I personaggi non sono miei, ma di Kishimoto e non c’è scopo di lucro
 

 

Meritocrazia e compromessi
 

 
Shikamaru camminava a testa bassa, così bassa che il codino da ananas gli puntava direttamente in cielo. Mani in tasca, spalle curve, occhi stretti, serrati, saettanti ostilità. Aveva creduto che allenandosi come ogni ninja normale avrebbe avuto la carica che comunque già gli sarebbe dovuta spettare per capacità. Si chiamava meritocrazia, e la vecchia megera che si ritrovava come capo non aveva idea di cosa significasse. Tsunade aveva preferito ingabbiarlo, costringerlo ad accettare una missione noiosa, insulsa e scocciante che diversamente avrebbe faticato ad affibbiare a qualcuno. E lui, scemo, aveva accettato. Stava per dire di no, se proprio vogliamo essere sinceri, ma poi una risatina divertita alle sue spalle, troppo simile a quella che Temari avrebbe potuto regalare a un idiota qualunque come Lee o come Kiba, lo aveva fatto accettare. Aveva un piano, lui, e i piani vanno rispettati.
 
Ma aveva anche un orgoglio e farsi giocare così dall’hokage gli bruciava. “Che faccia lei da baby-sitter alle figlie delle donne del circolo del cucito mentre le sistemano le nuove divise ufficiali da kage…” sbottò mentre si lasciava cadere sulla panchina, quella dove amava riposarsi dopo le giornate in cui fingeva di lavorare. Temari o non Temari, lui aveva una reputazione da difendere. Glielo avrebbe detto all’hokage. Le avrebbe detto che il suo era un ricatto bello e buono, che le sue capacità dovevano essere usate per qualcosa di meglio, che non si poteva permettere di insultare la sua intelligenza con un tranello tanto meschino.
 
Glielo avrebbe detto, come no. Ma poi Lee lo raggiunse sul terrazzo panoramico dal quale si poteva vedere l’intero villaggio e cominciò a parlare. Shikamaru, distratto e annoiato, perso in un discorso immaginario tra lui e Tsunade in cui lui trovava il modo di far valere le sue ragioni, sentì circa un terzo delle parole dell’altro ninja, quasi per sbaglio. Però sentì il terzo sbagliato. “Temari”, “Kiba”, “molto”, “tempo”… in qualsiasi ordine le mettesse, non c’era verso di farle suonare bene.
 
“Senti Lee” concluse alla fine. “Io ti saluto, vado a conoscere le tre pesti che devo tener d’occhio domani”.

 
 
 

Ecco qui un altro capitolo.

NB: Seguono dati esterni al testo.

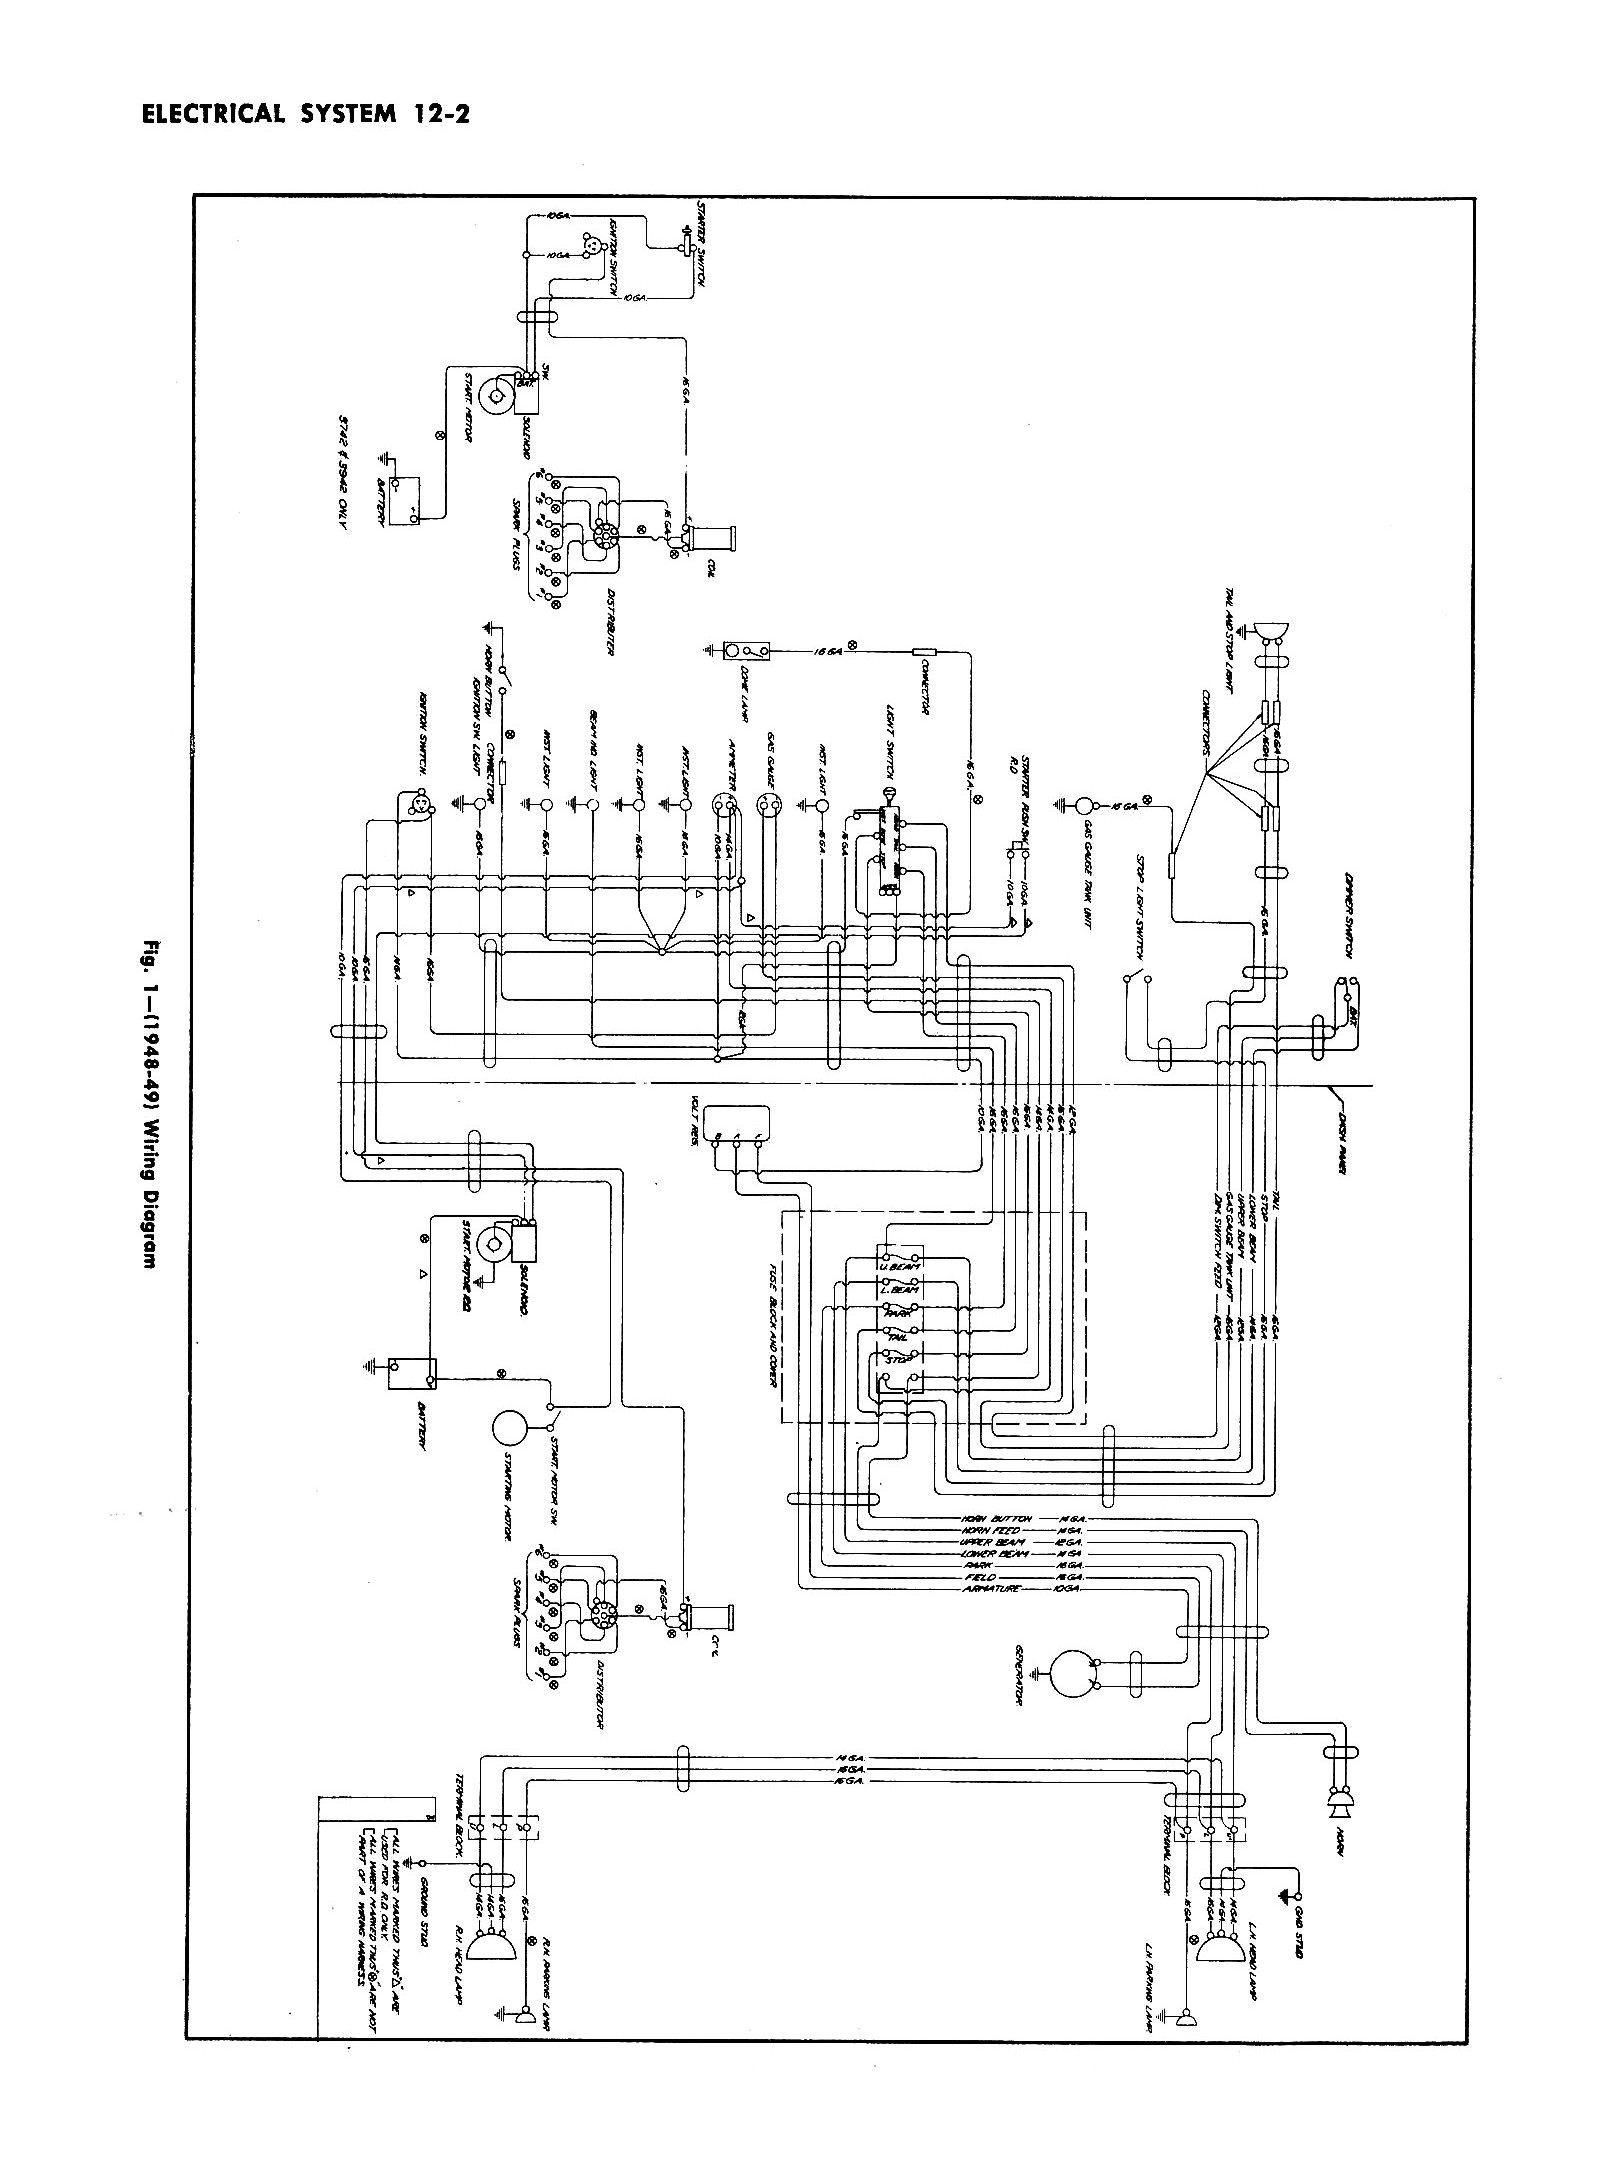 1984 Gmc Sierra Wiring Diagram Free For You 06 Tvr 280i Tasmin 35 2006
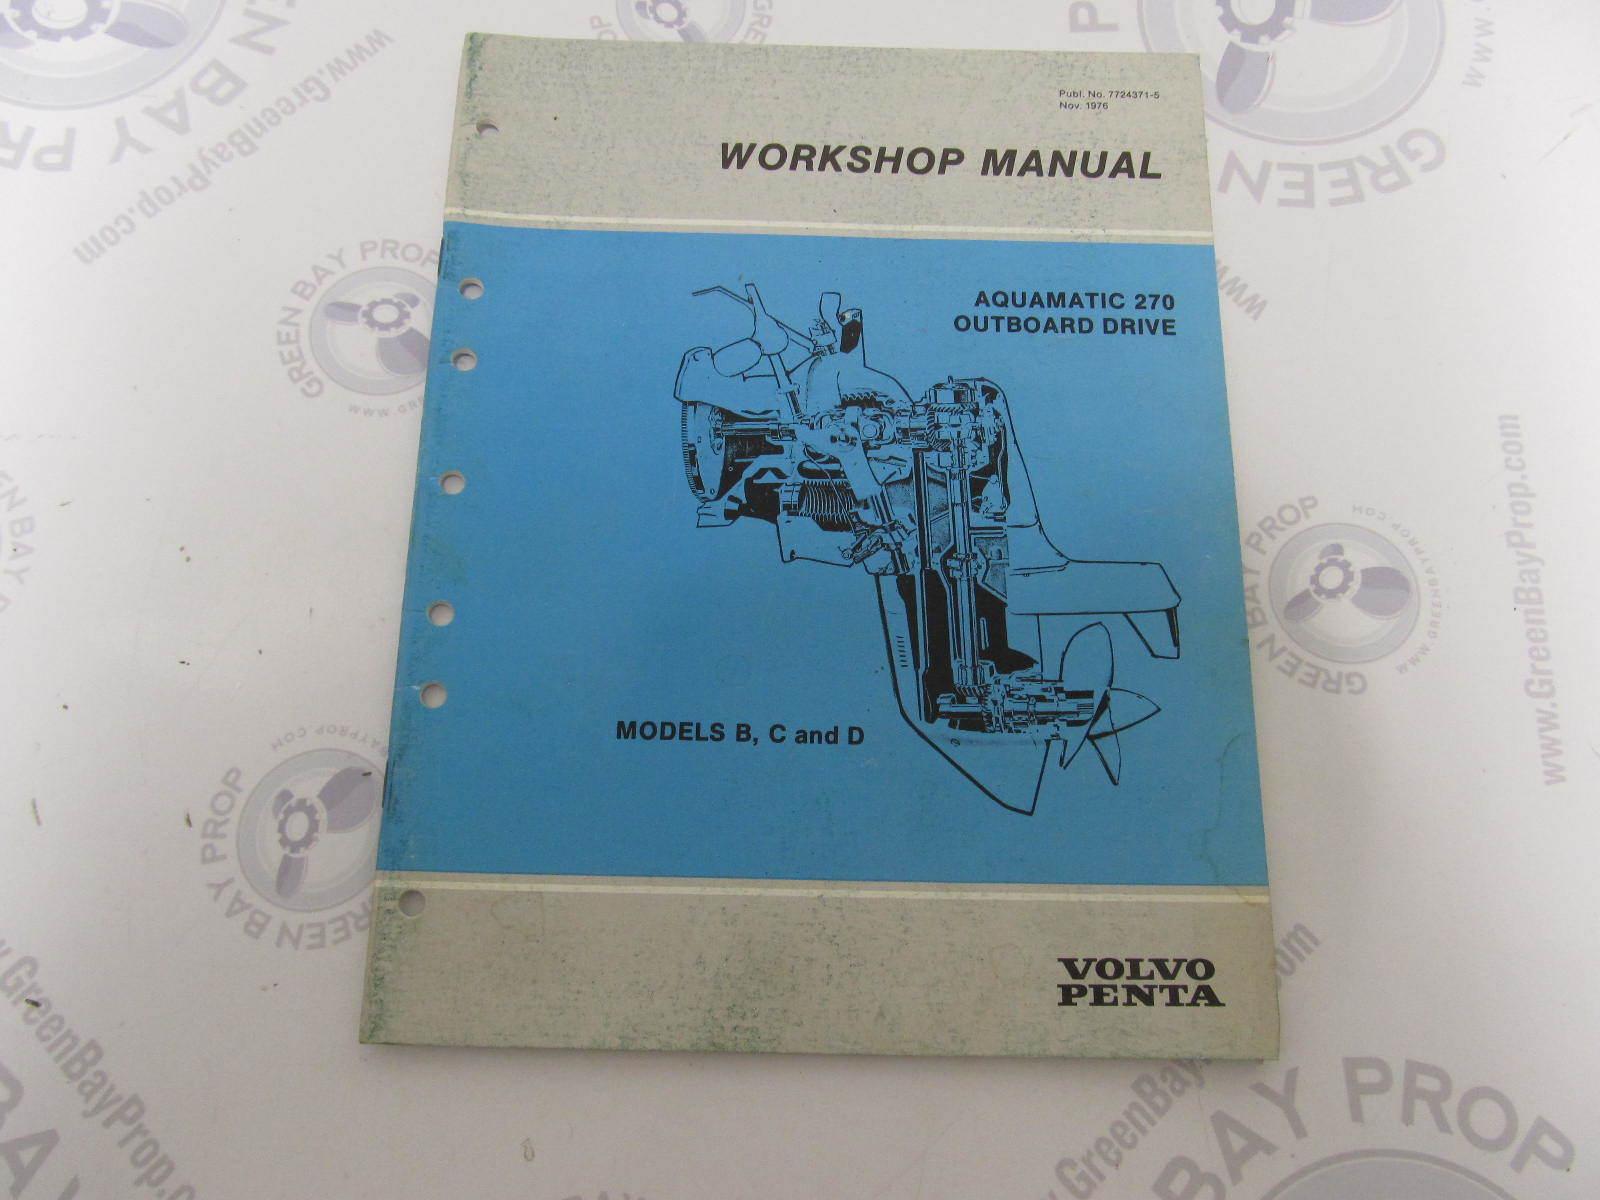 7724371 5 volvo penta aquamatic service workshop manual 270 outboard rh greenbayprop com volvo penta 270 outdrive service manual Volvo Penta 270 Diagram

Scusate il tempo di aggiornamento, decisamente troppo lungo, spero di riuscire a farmi perdonare con il prossimo capitolo, ma non prometto niente. Al momento so solo che questa raccolta sarà un po’ più lunga delle precedenti…
 
Come al solito ringrazio chiunque abbia letto gli altri capitoli e si appresterà a leggere anche questo, chi li ha aggiunti tra le seguite e chi li ha commentati. In particolare:
 
Ellacowgirl: Spero di non averti deluso con la missione… volevo qualcosa di simpatico da leggere ma terribilmente seccante, che contrastasse con l’impegno che teoricamente dovrebbero mettere i ninja per diventare jonin in modo da fomentare la rabbia del Nara… chissà se ci sono riuscita!
 
Akemi_Kaires: L’accoppiata Tsunade-Temari è micidiale, lo so. Io le amo entrambe e… l’unica cosa che so per certo di scrivere in questa fic è un loro scambio di battute illuminante sul finale… ma non dico altro!
 
RainbowBuddy: Concordo. Solo con un po’ di sana gelosia si può far smuovere quello sfaticato!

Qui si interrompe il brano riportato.